Config files can be found in config directory. Config file looks this this:
train:
epochs: 1000
batch_size: 64
learning_rate: 0.0001
train_denoiser: false
image_transform_config:
image_width: 128
image_height: 32
label_encoder:
max_sequence_length: 32
model_config:
embed_size: 512
datasets:
downsample: 1
make_2_row: false
train_datasets:
- data/INLP-RAW-augmented/train
- data/voc_plate-augmented/train
- data/2-row-lp-augmented/train
- data/2-row-lp-v2-augmented/train
- data/INLP-RAW/train
- data/voc_plate/train
- data/2-row-lp/train
- data/2-row-lp-v2/train
test_datasets:
- data/INLP-RAW/test
- data/2-row-lp/test
- data/2-row-lp-v2/test
- data/voc_plate/test
- data/INLP-RAW-augmented/testMost of the configurations are self-explanatory. You can list multiple datasets & the E2EDataset Dataset class will automatically combine them all in a single dataset object.
make_2_row is an optional arugment for data augmentation, is True it will randomly slip images in half and join them on the X axis, artifically creating 2-row text images. This is only used during pre-training on OCR dataset.
downsample is an artifact from previous architecture with an Denoiser layer, keep it's value to 1.
NOTE: Image transformer config, Label encoder config and Model's config are all stored in the final .pth weight files, allowing you to initiaize image transformer, label encoder and model from a single weight files.

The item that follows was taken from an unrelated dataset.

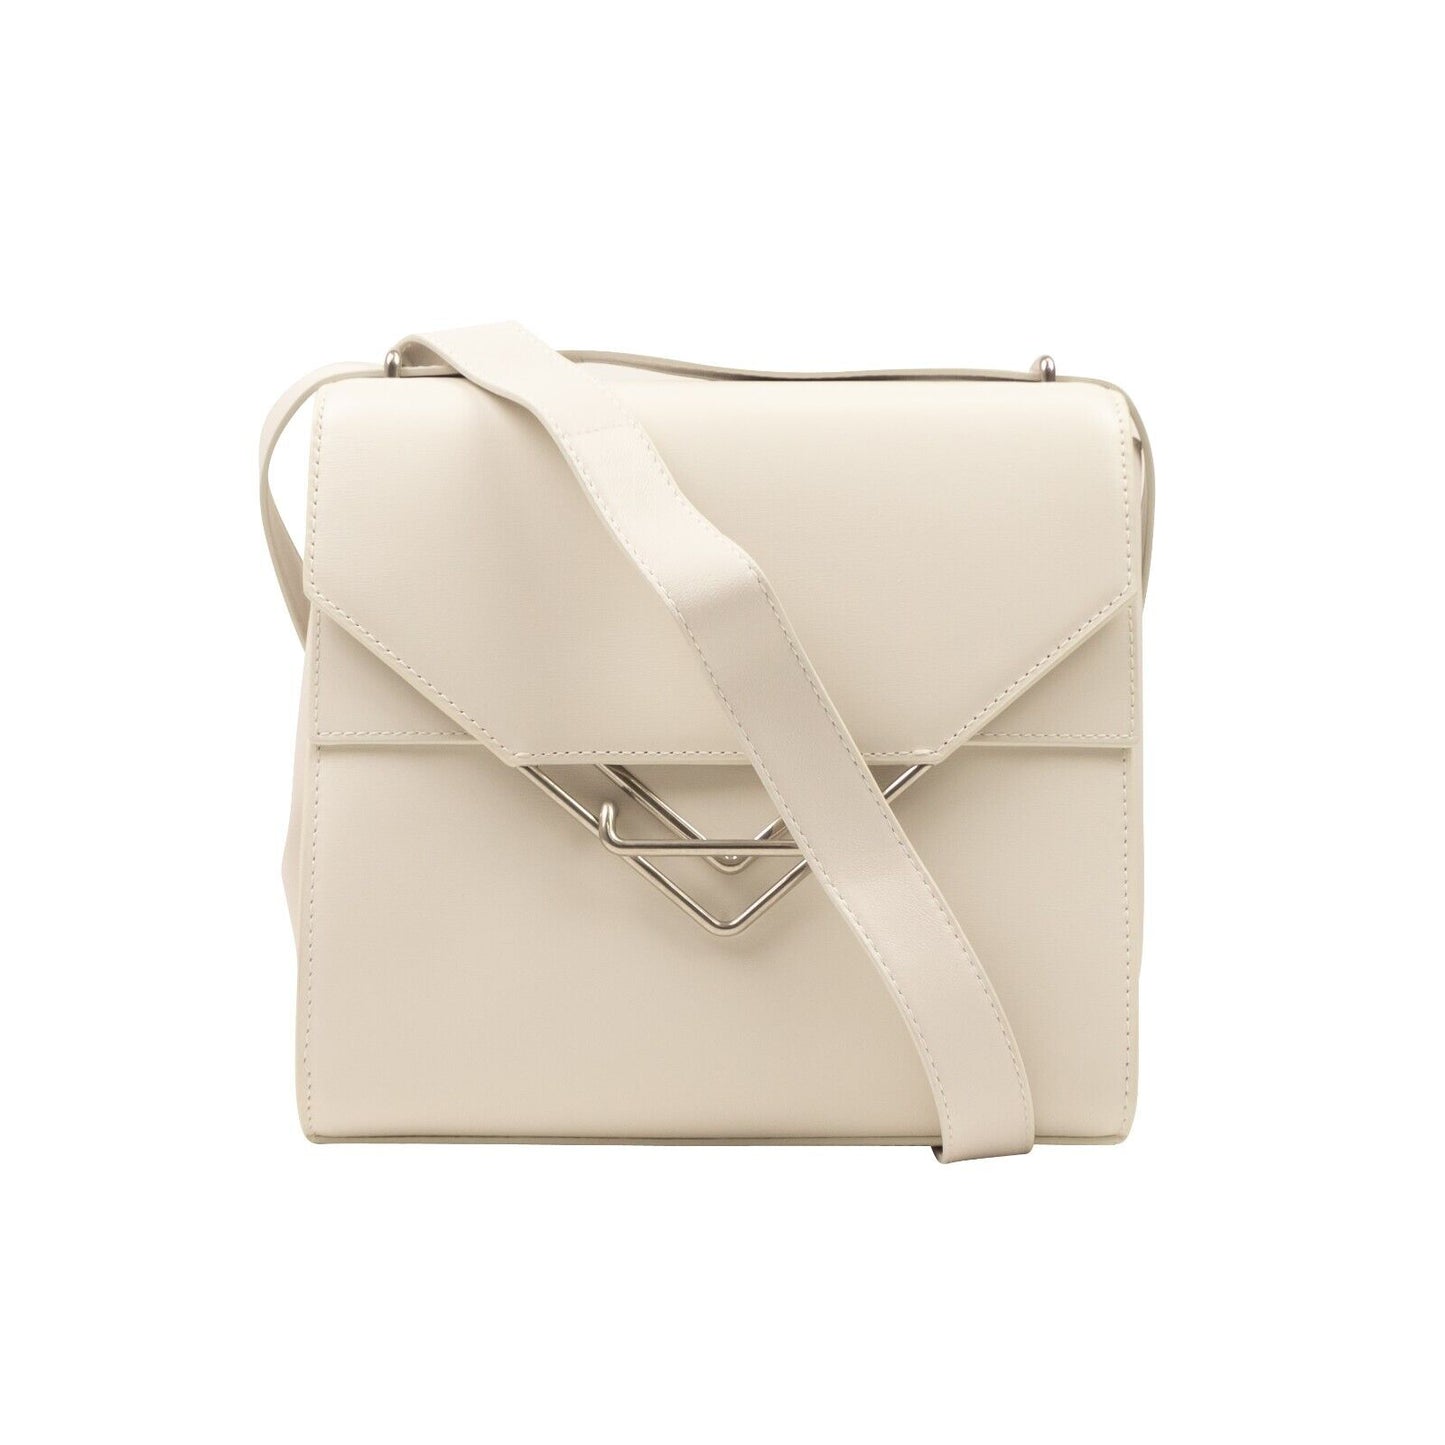 Bottega Veneta Leather Clip Shoulder Bag - Chalk White

You can resume the training using --resume argument like this
python train.py --run_name TestRun2 --config config/lpicr.yaml --resume output/TestRun1/model.pthI support wandb for logging and monitoring the model's performance. you can start logging by passing --wandb flag.
python train.py --run_name TestRun --config config/ocr.yaml --wandbLP-ICR supports LMDB datsets, datasets can be found inside data directory As mentioned above, you can link many lmdb datasets together in configuration file.
you can label your own images by running the following command:
python data/lp-annotation-tool.py --images path/to/image/directory --output path/to/output/directory --split --split_size 0.2The labeled dataset will be stored in json format, you can run the script below to convert dataset to lmdb format:
python data/dataset_to_lmdb.py --data path/to/json/directoryThis will save the dataset in Lbdb format, ready to be used for training.